Robert W. Odom
March 9, 2023
In my last post, I discussed the ability of the brain to rewire itself. This is known as neuroplasticity. Today let’s dig deeper into this subject. As we grow and experience emotional events, we are generally shaped by those events. These unchecked events determine too often how we will respond to future events. These emotional events rewire our brains to react differently. This is usually a defensive mechanism meant to protect us but harms us in the long run.
Interestingly, studies show that babies who are cuddled and held as infants are more emotionally stable. However, the opposite occurs as well. Babies not cuddled or held lag in emotional, mental, and social development. In essence, the brain is wired differently. Many infants never overcome the loss of love at this early age. Their brains are rewired to understand love differently. Throughout life, they struggle to love and get love.
While much can happen in infancy, this can occur in other ways as the child grows. For example, if one grows up in an environment where there is a lack of love being shown, the brain can rewire itself. Let me share a personal illustration. I lived with my mom and stepdad from age six to twelve. My stepdad was an alcoholic and had a temper. He would come home and treat my family horribly. He thought nothing of abusing us emotionally, physically, and mentally.
The result was that I began to feel unwanted. I began to blame myself for what was happening. I began to try and live in a way that would not upset my stepdad. I would hide in my room when he came home. I thought he would leave me alone if I could hide, but that did not happen. I tried to avoid conflict at all costs. I often had a false peacemaker attitude: I would do whatever to bring peace, even if there were no real peace. My brain had been rewired to hide my emotions, be a false peacemaker, and avoid conflict at all costs.
Later in life, as I matured spiritually, I became more aware of these issues, and I started to seek ways to overcome them and rewire my brain to think differently. By avoiding my emotions, I became angry. At the same time, I would internalize my anger and shut down verbally. As I matured, I had to consider why I would handle anger as I did. What made me angry, and why did I respond the way I did?
Because of my faulty wiring, I had to look at ways to rewire my brain. I needed to understand the why and figure out ways to do life differently. So, I began a journey! My journey started with exploring forgiveness. I needed to forgive others, and most of all, I needed to forgive myself. I needed to forgive others as their actions, and words hurt me. I needed to realize that what happened was not my fault. I needed to recognize that while it was painful, I needed to let go of my pain. The place to do that was at the doorway of forgiveness. It was not easy, but necessary.
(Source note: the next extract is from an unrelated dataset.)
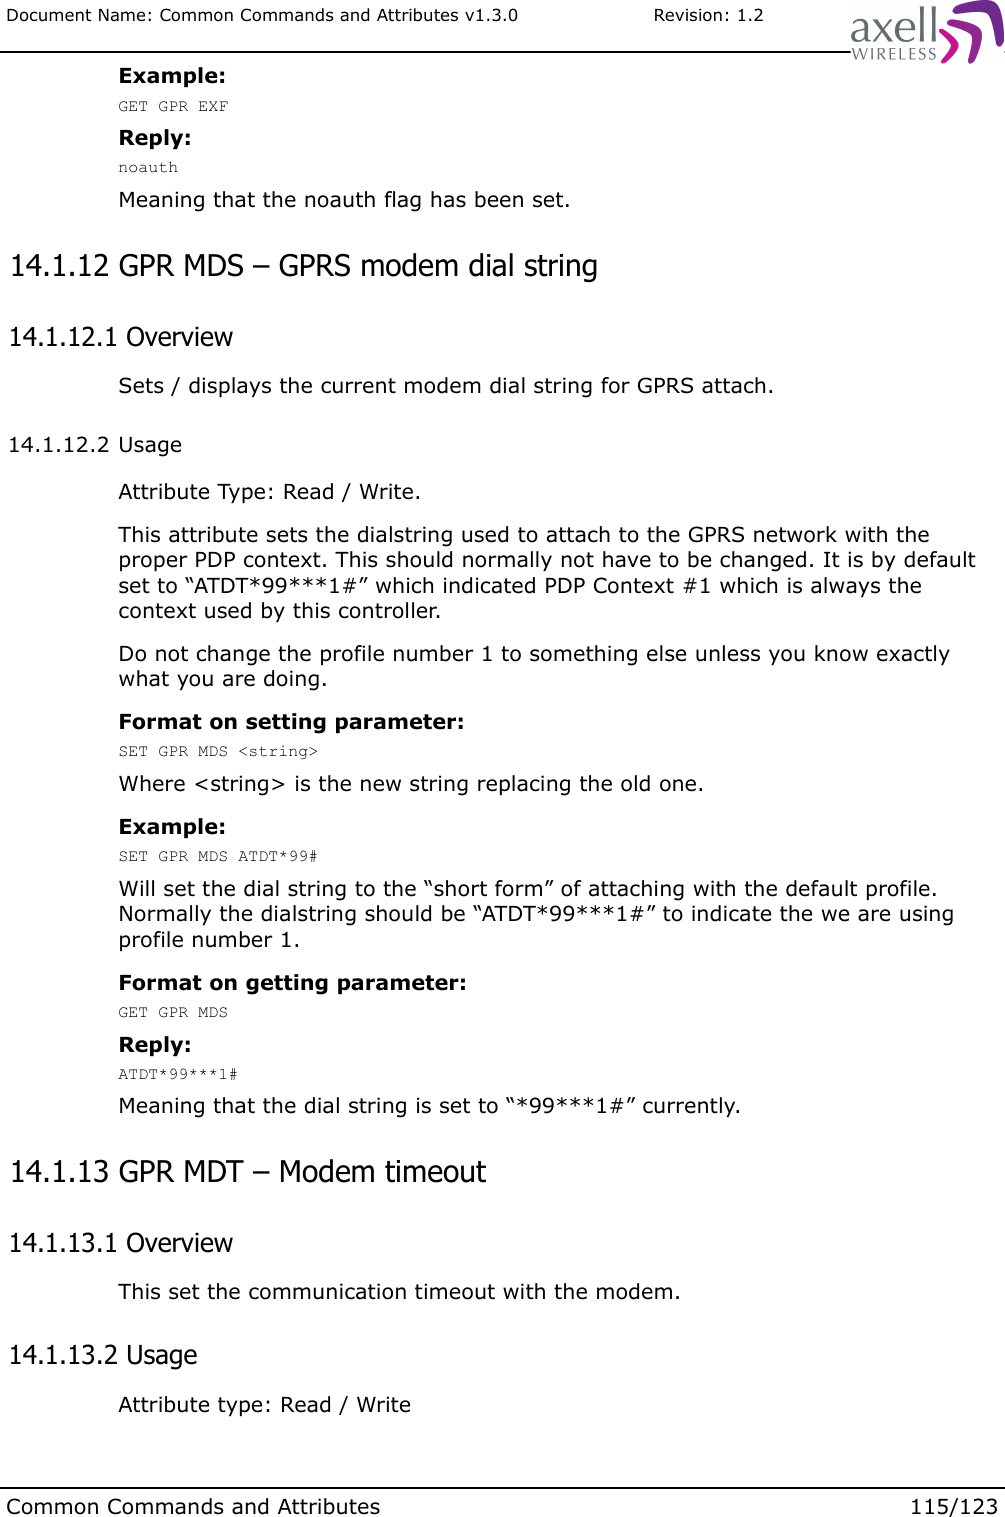 Document Name: Common Commands and Attributes v1.3.0                       Revision: 1.2Example:GET GPR EXFReply:noauthMeaning that the noauth flag has been set. 14.1.12 GPR MDS – GPRS modem dial string 14.1.12.1 OverviewSets / displays the current modem dial string for GPRS attach. 14.1.12.2 UsageAttribute Type: Read / Write.This attribute sets the dialstring used to attach to the GPRS network with the proper PDP context. This should normally not have to be changed. It is by default set to “ATDT*99***1#” which indicated PDP Context #1 which is always the context used by this controller. Do not change the profile number 1 to something else unless you know exactly what you are doing.Format on setting parameter:SET GPR MDS &lt;string&gt;Where &lt;string&gt; is the new string replacing the old one.Example:SET GPR MDS ATDT*99#Will set the dial string to the “short form” of attaching with the default profile. Normally the dialstring should be “ATDT*99***1#” to indicate the we are using profile number 1.Format on getting parameter:GET GPR MDSReply:ATDT*99***1#Meaning that the dial string is set to “*99***1#” currently. 14.1.13 GPR MDT – Modem timeout 14.1.13.1 OverviewThis set the communication timeout with the modem. 14.1.13.2 UsageAttribute type: Read / WriteCommon Commands and Attributes 115/123

To forgive does not mean that the other person is not responsible for their actions, but I needed to free myself from their hold on my life. I had not seen my stepdad for over twenty-five years, yet he still controlled me. Forgiveness allowed me to process my false guilt and shame. I blamed myself when I was not the problem. However, it did become a problem when I would get angry. It was a problem when I would shut down and stop communicating. It was a problem when I buried my emotions.
Through the journey of forgiveness, I was able to release my stepdad. I was able to let go of the pain from the past. I was able to forgive myself. I could forgive my mom for allowing this to happen (although it was not her fault). Finally, I could forgive myself for the way I had processed emotional events in the past.
Forgiveness is the beginning of healing. Forgiveness clears the way to start a process of rewiring the brain. It releases us from others controlling us. It allows us to rethink how we respond to others. It is the beginning of no longer hiding our emotions. It is the starting point of releasing ourselves from blame and shame.
Next time we will continue this discussion. In the meantime, let me ask you a couple of questions:
- How has your brain been rewired from past events?
- What has been the result of rewiring your brain? Do you hide your emotions? What emotions are out of control in your life?
- Who, what event, or what controls who you are and how you respond to life?
- Where do you need to forgive others? Yourself?
- What would look differently if you could rewire your brain positively and walk in forgiveness?
- Pray and ask God to reveal these areas of life. Then, ask God to begin a process of forgiveness.